4. The original question in the title of my paper was, as you will remember, “Is there meta-criticism?” Now the answer, as it follows from what I have said so far, is not simple. Or, rather, I have at least two replies: yes and no. Yes, of course, there is meta-criticism, in the sense that critical texts exist, and there are critical texts about critical texts. For instance, what I was doing until now could surely be called meta-criticism: I was speaking about criticism. And no, because there is a meta-critical moment inherent in every critical text itself, that is, critical texts contain already their own meta-critical moments. Now let me elaborate somewhat on these replies.

4. 1. First of all, the same should be told about meta-criticism as about criticism - that is, one should avoid the “about-ness” conception. Though meta-criticism is certainly about criticism, it is not a sufficient and perhaps not even necessary condition of its definition. The case is somewhat similar to the theory/non-theory distinction, inasmuch as the distinction survives only as a distinction between discourses with positions assigned to them by the participants and the institutions of the literary system; all this does not imply that there is no distinction between criticism and meta-criticism, or between theory and non-theory, for that matter. What is argued, however, is that this distinction is relative to the whole system of literary process, the institutions and the participants of the literary field.

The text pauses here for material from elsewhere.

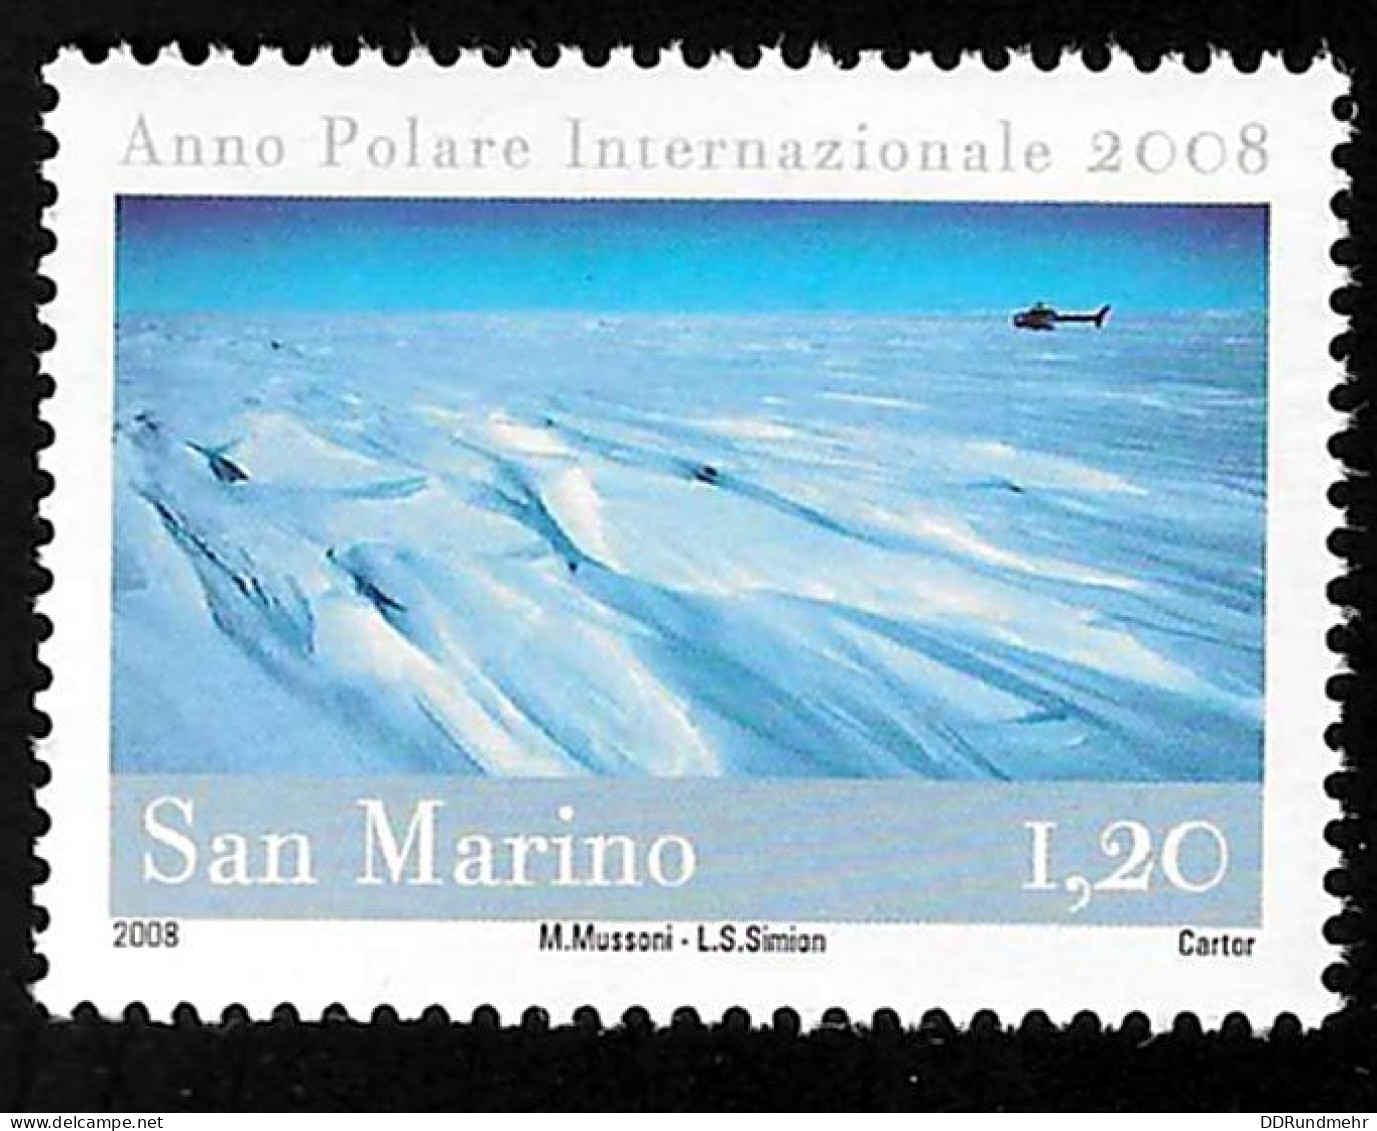 2008 Polar Year  Michel SM 2360 Stamp Number SM 1770 Yvert Et Tellier SM 2153 Stanley Gibbons SM 2186 Xx MNH - Nuovi

4. 2. Second, meta-criticism is not just another step ahead: the schema literature--criticism--meta-criticism is completely false. Just as the relation of criticism to the literary work is an intricate, delicate, ambiguous one, where critical text is not just an innocent bystander, a cool observer, but it intrudes into the fabric of texts - similarly, meta-criticism is not just a set of texts about (critical) texts, but it has a function in the whole system of literary communication. Debates, then, about critical positions will affect not only the production of literary texts, but the interpretation of literature in general - that is, literature; for literature is always something interpreted. Discussions about how to read a work, what to praise and what to condemn, are not of pure theoretical nature: they are very closely connected to how readers (will) read. If there is meta-criticism, then, its responsibility is no less than that of criticism. What is at stake is interpretation. What is at stake is literature. Maybe it is less than life; but a very important part of it.

 

Note

The Greek word meta is used in two senses: 1.) as ‘on’ or ‘about’ (as in metalanguage) or 2.) as ‘beyond’ or ‘over’ or ‘transcending sg’ (as in metacommunicaton). Curiously, metaphysics originally had a very physical meaning (viz. Aristotle’s book ‘next to’ his book on Physics, the book lying ‘on’ that book), but later it has become understood as meaning ‘transcending’ the realm of physics. Meta-criticism, accordingly, may mean either criticism on criticism, or a kind of writing that goes beyond criticism, attempting at transcending the genre of criticism (as well as the dichotomy of critcal/literary writing). Here I will use the term in the former sense.